Supplied data:
━━━━━━━━━━━━━━━━

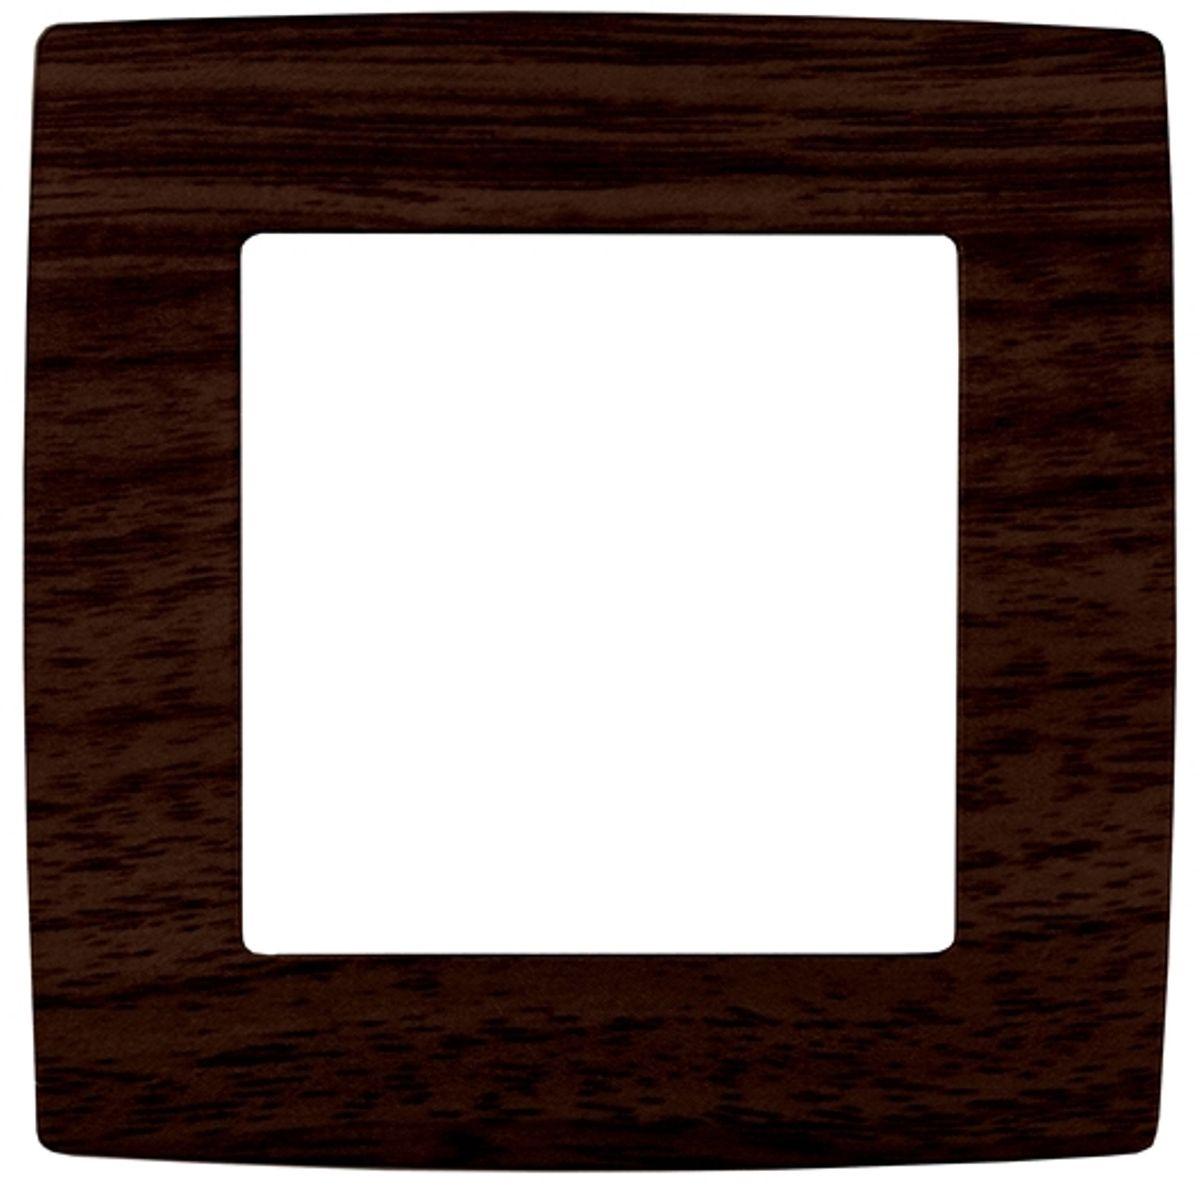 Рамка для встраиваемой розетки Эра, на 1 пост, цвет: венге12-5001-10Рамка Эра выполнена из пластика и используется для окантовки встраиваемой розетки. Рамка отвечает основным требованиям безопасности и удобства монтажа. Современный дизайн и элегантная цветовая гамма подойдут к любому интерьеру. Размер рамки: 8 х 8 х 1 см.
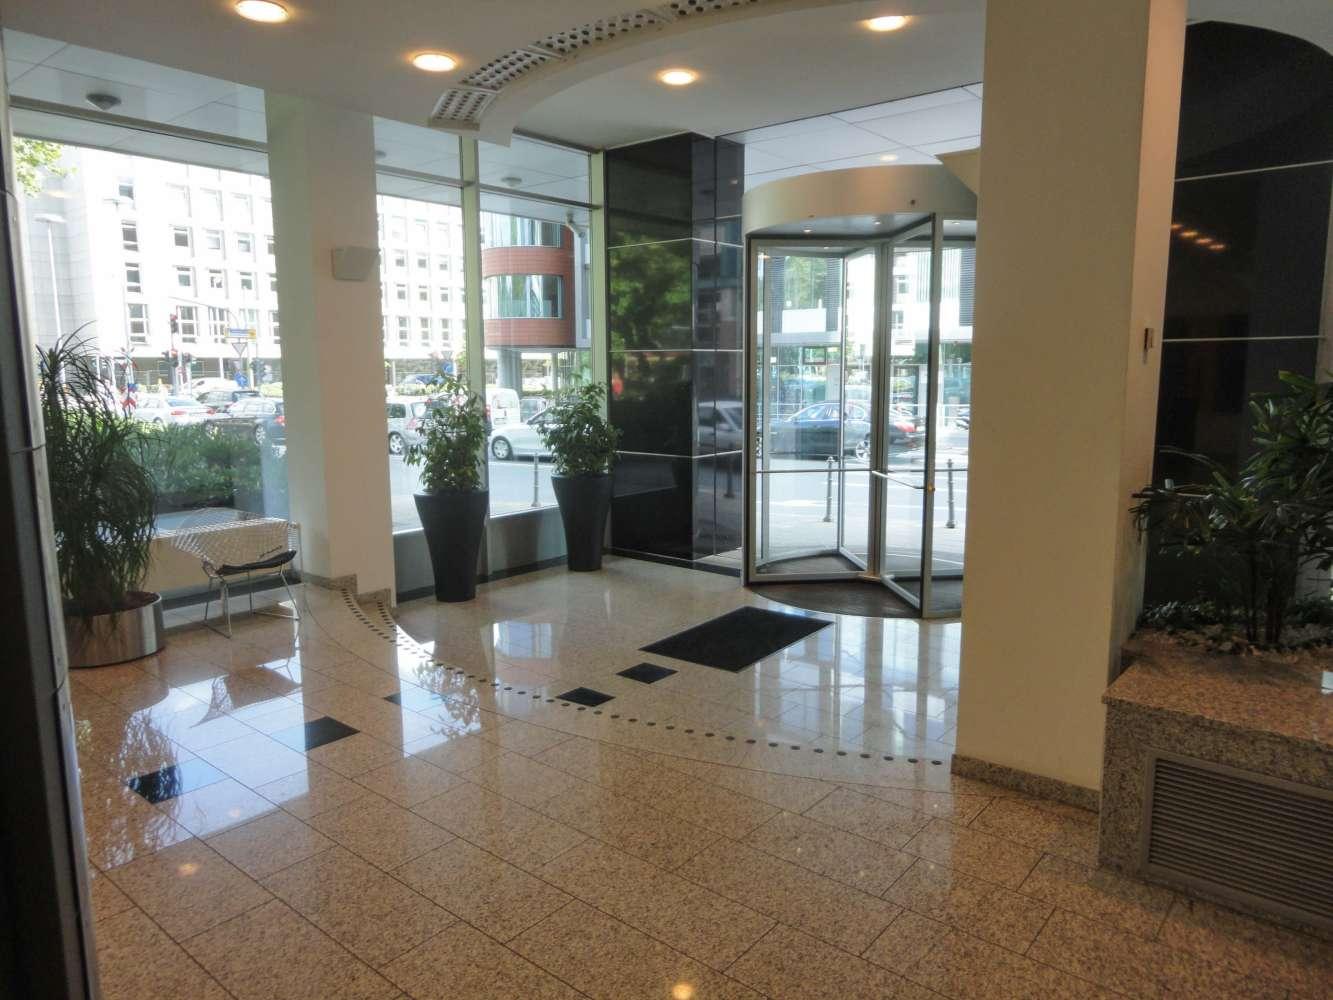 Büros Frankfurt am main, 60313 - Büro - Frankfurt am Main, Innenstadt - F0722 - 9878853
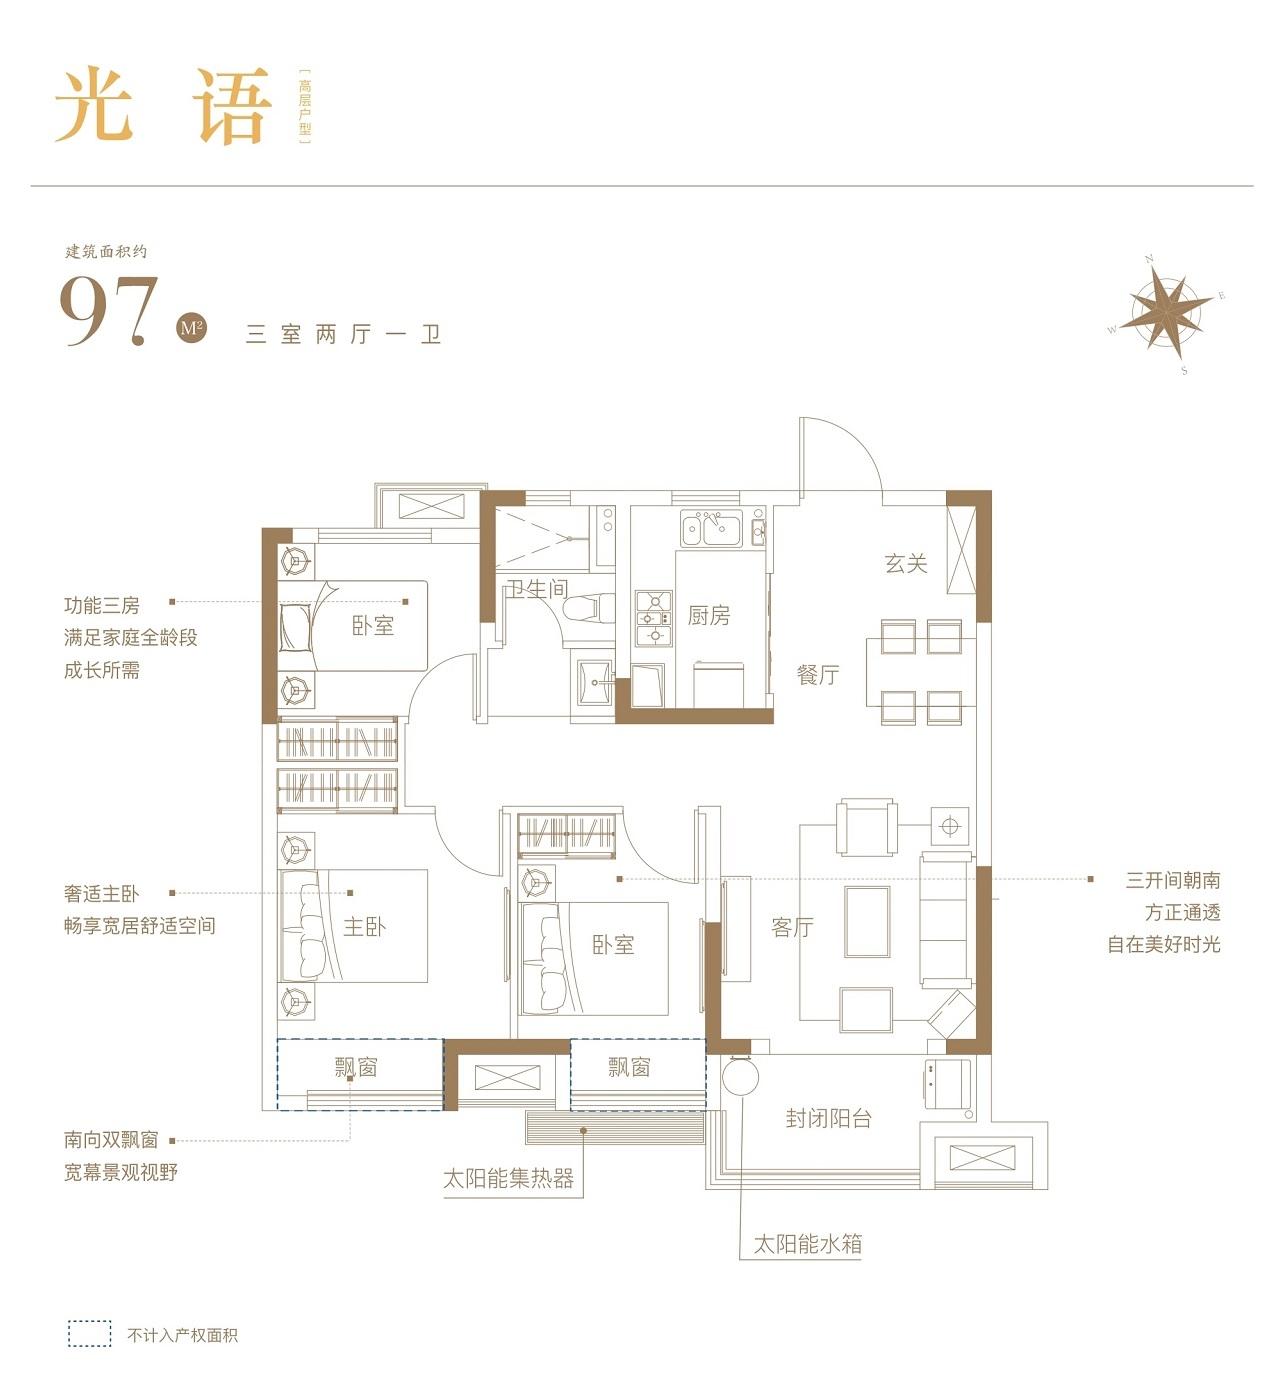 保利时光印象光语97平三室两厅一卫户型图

━━━━━━━━━━━━━━━━

The line containing "Büros Frankfurt am" and every line after it, through the end of the material above, are to be printed exactly; no pictures belong in the output.

 Büros Frankfurt am main, 60313 - Büro - Frankfurt am Main, Innenstadt - F0722 - 9878853
 保利时光印象光语97平三室两厅一卫户型图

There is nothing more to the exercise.